_ACTIVITY_
The material below includes pictures; leave them out and return only the lines between the line containing "denim skirt with front slit" and the line containing "A double-decker bus in London", inclusive, word for word.

_DATA EXTRACTS_
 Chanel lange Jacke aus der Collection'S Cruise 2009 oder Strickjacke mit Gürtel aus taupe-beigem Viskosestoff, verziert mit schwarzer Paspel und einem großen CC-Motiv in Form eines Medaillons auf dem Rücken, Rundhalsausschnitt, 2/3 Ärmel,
==
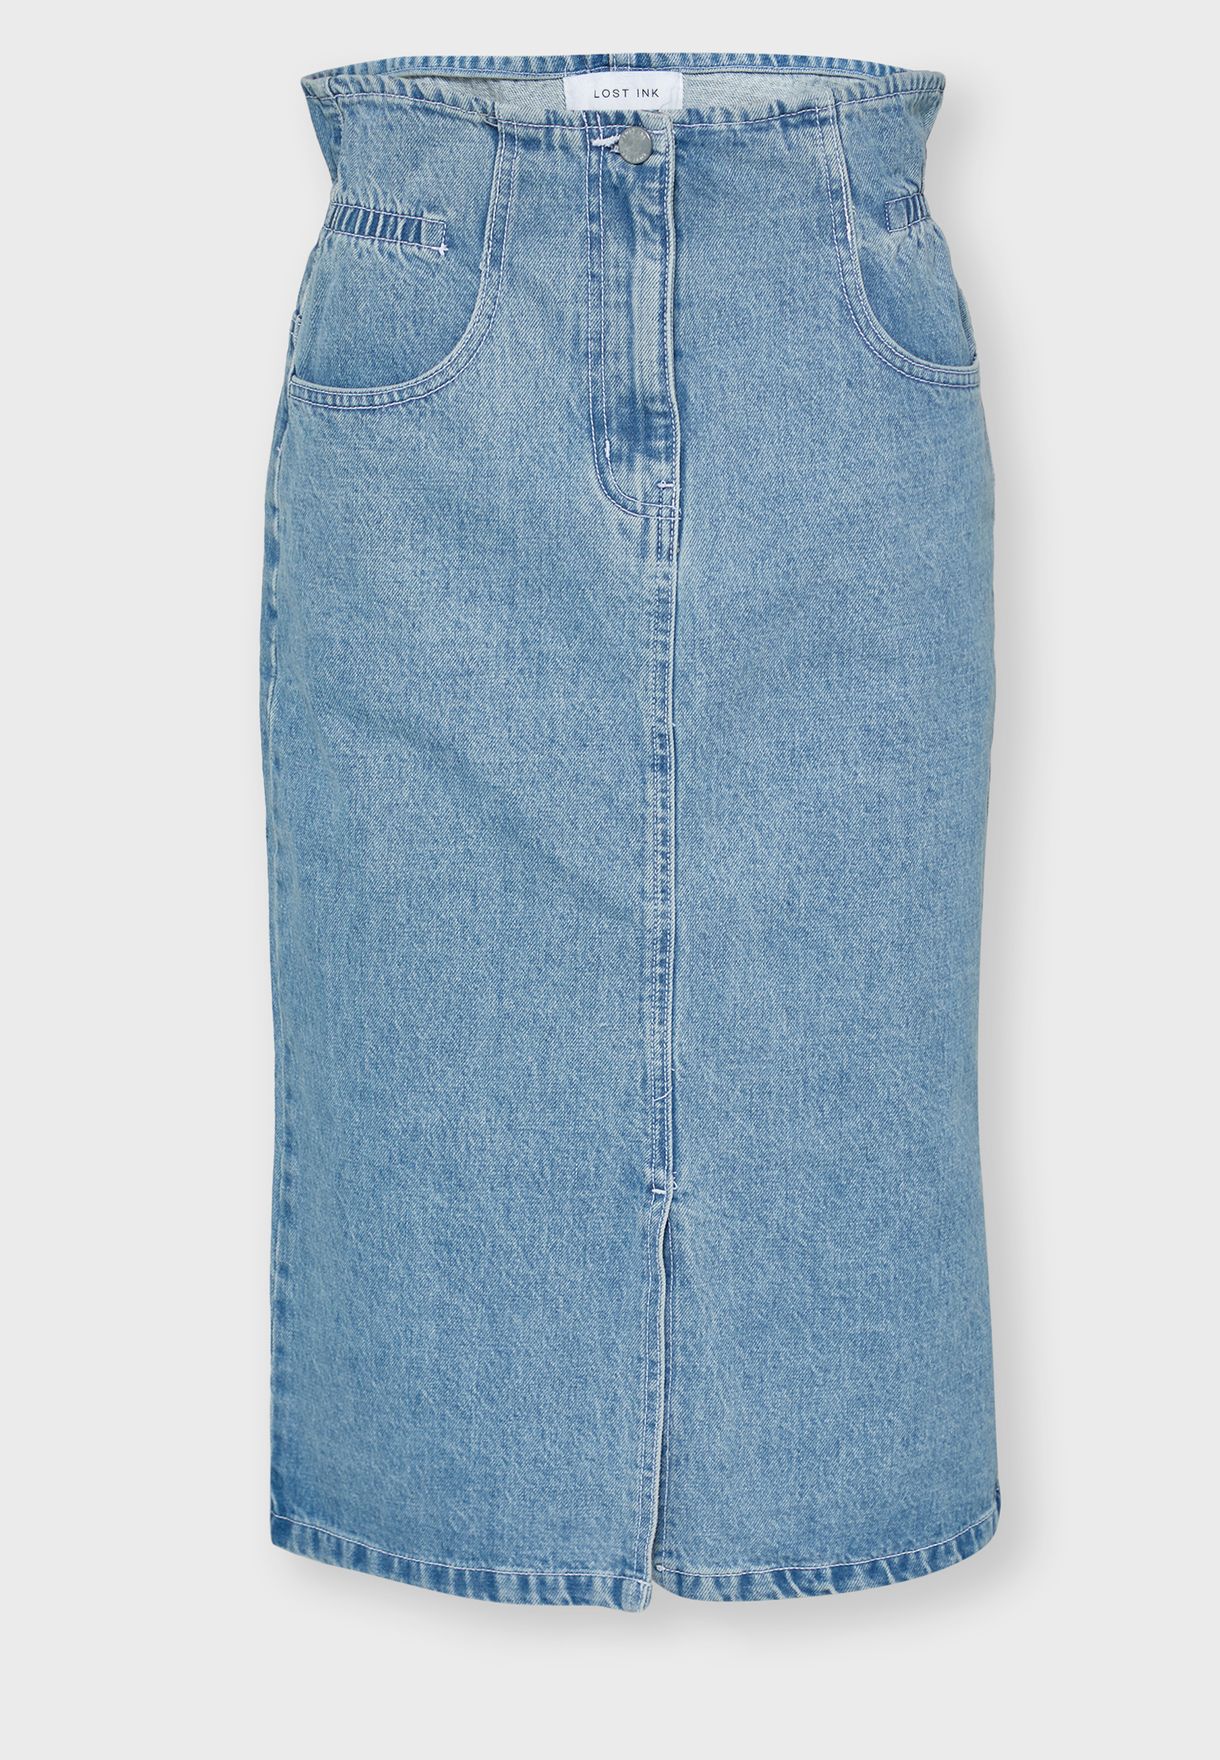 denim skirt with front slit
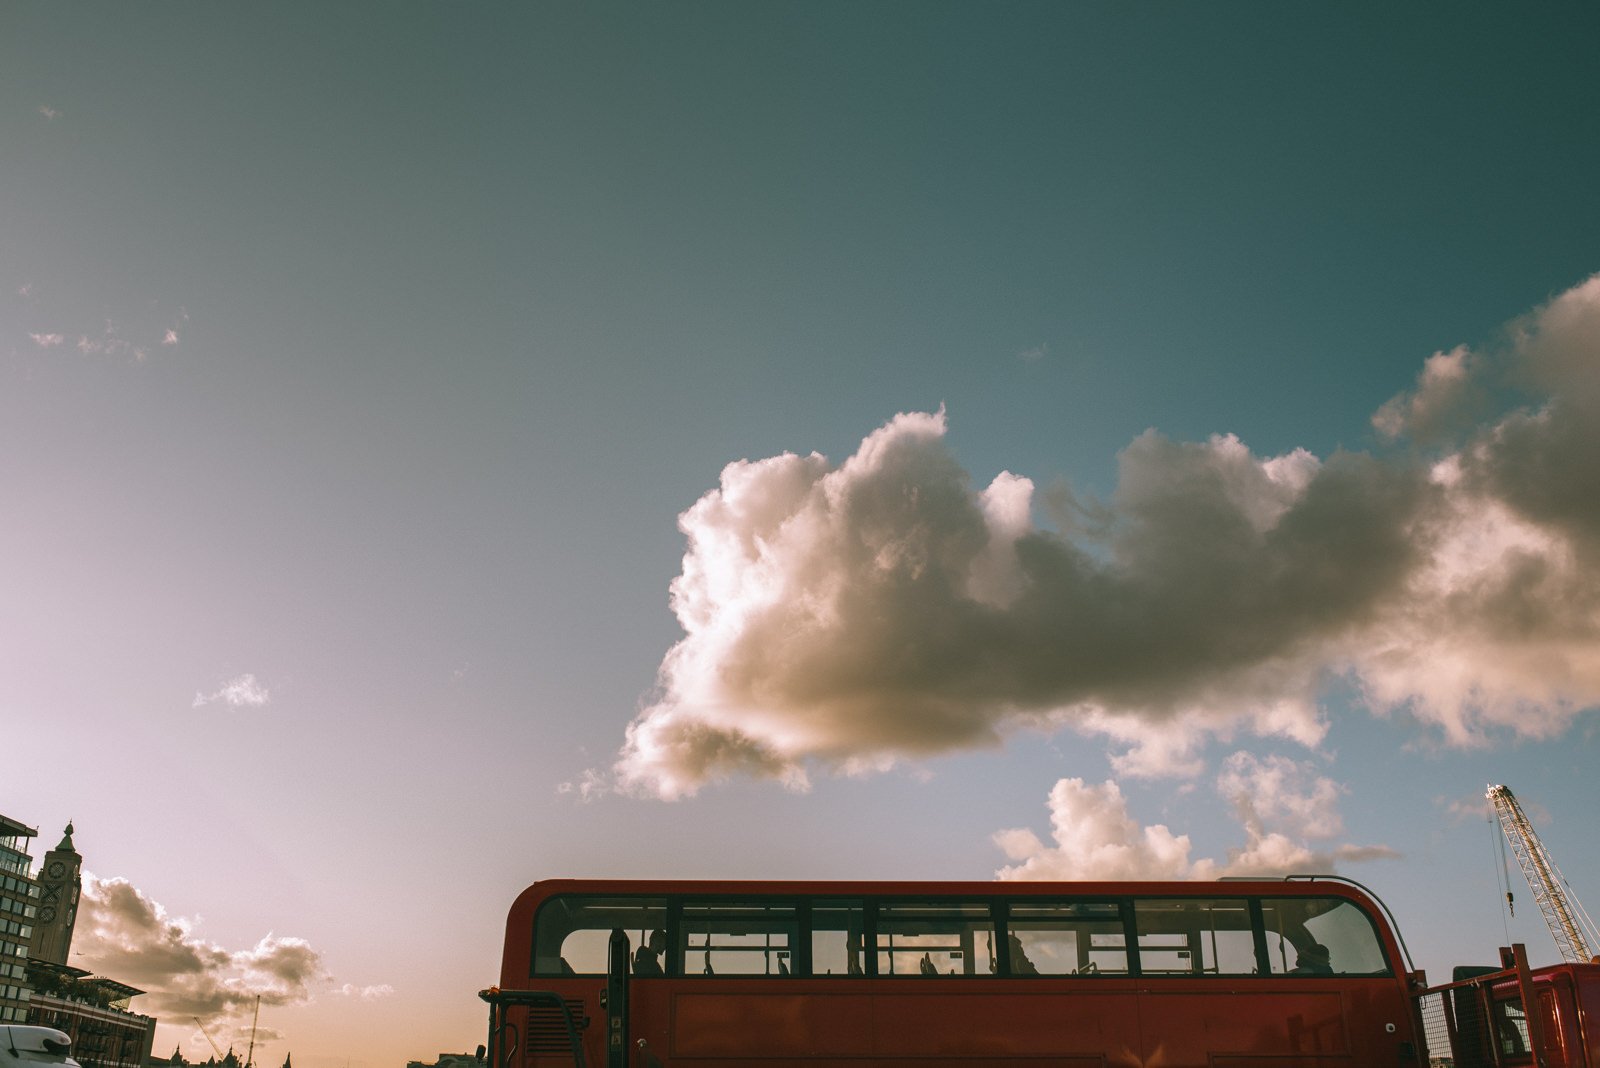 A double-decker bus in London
...
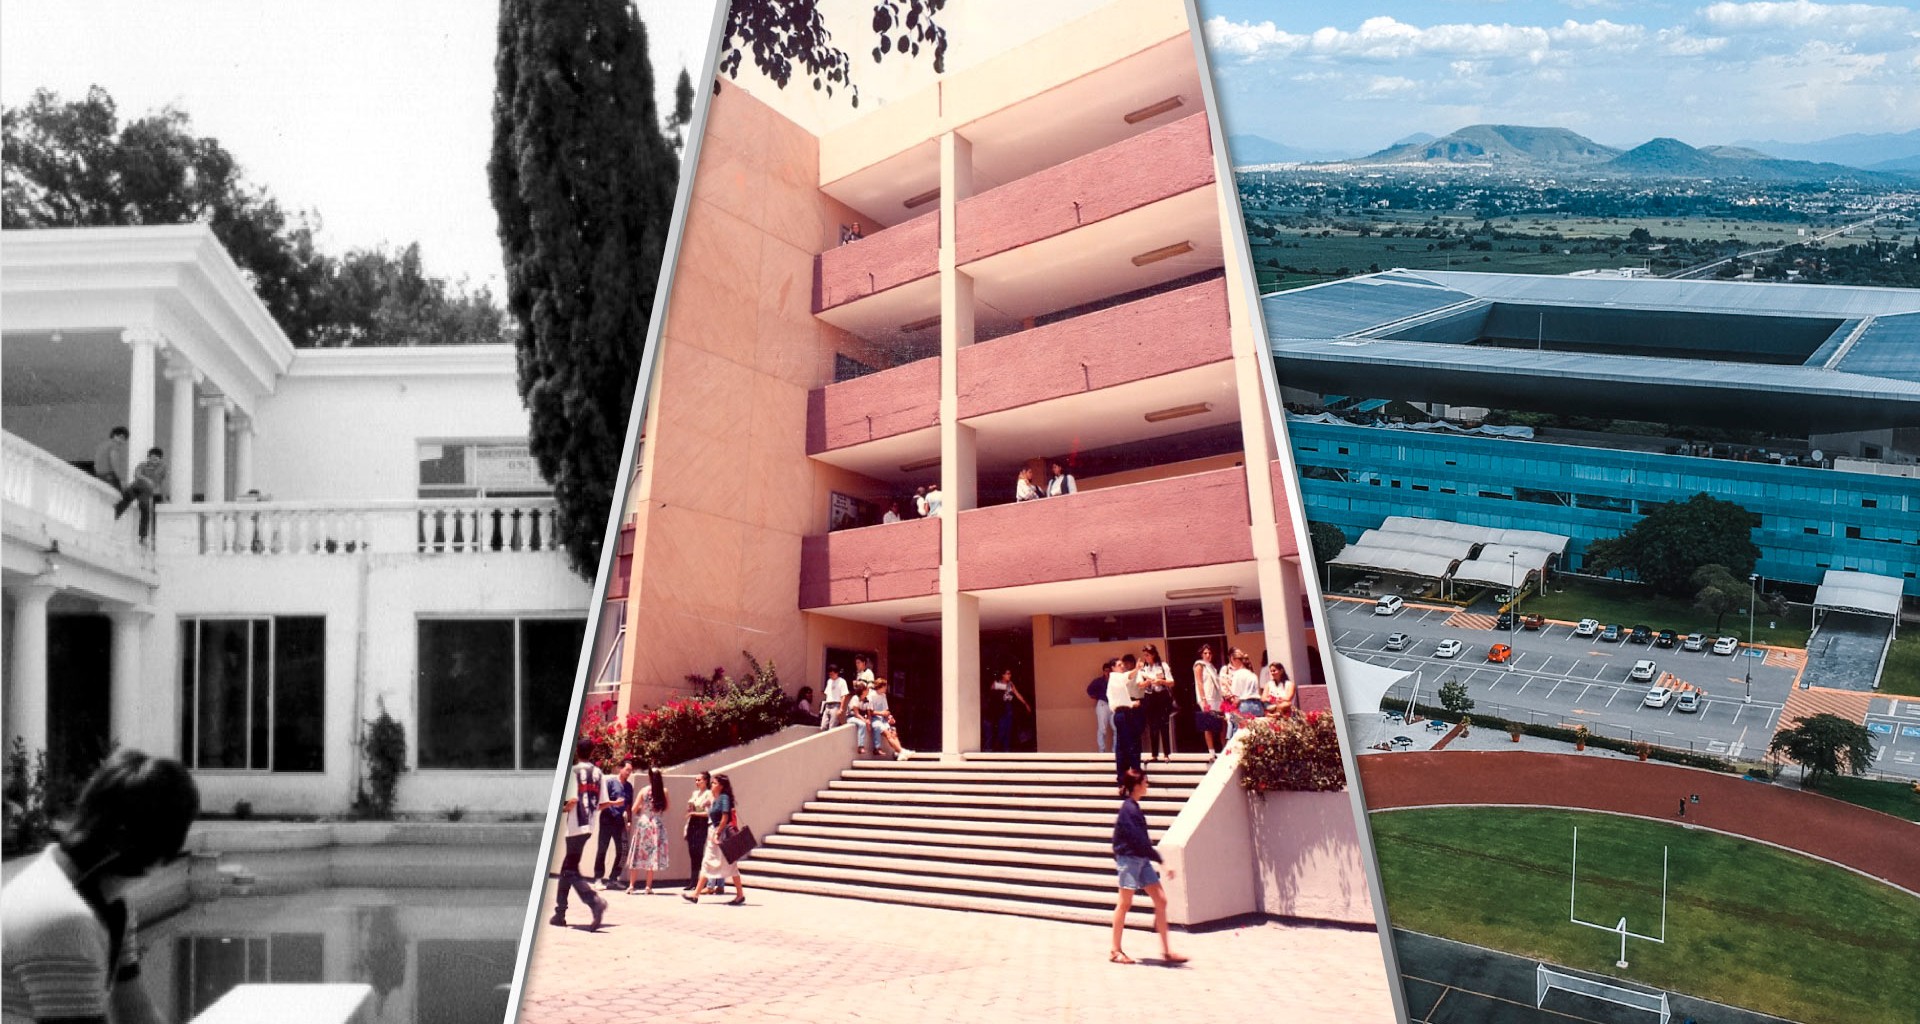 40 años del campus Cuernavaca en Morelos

_ANSWER_
 denim skirt with front slit
 A double-decker bus in London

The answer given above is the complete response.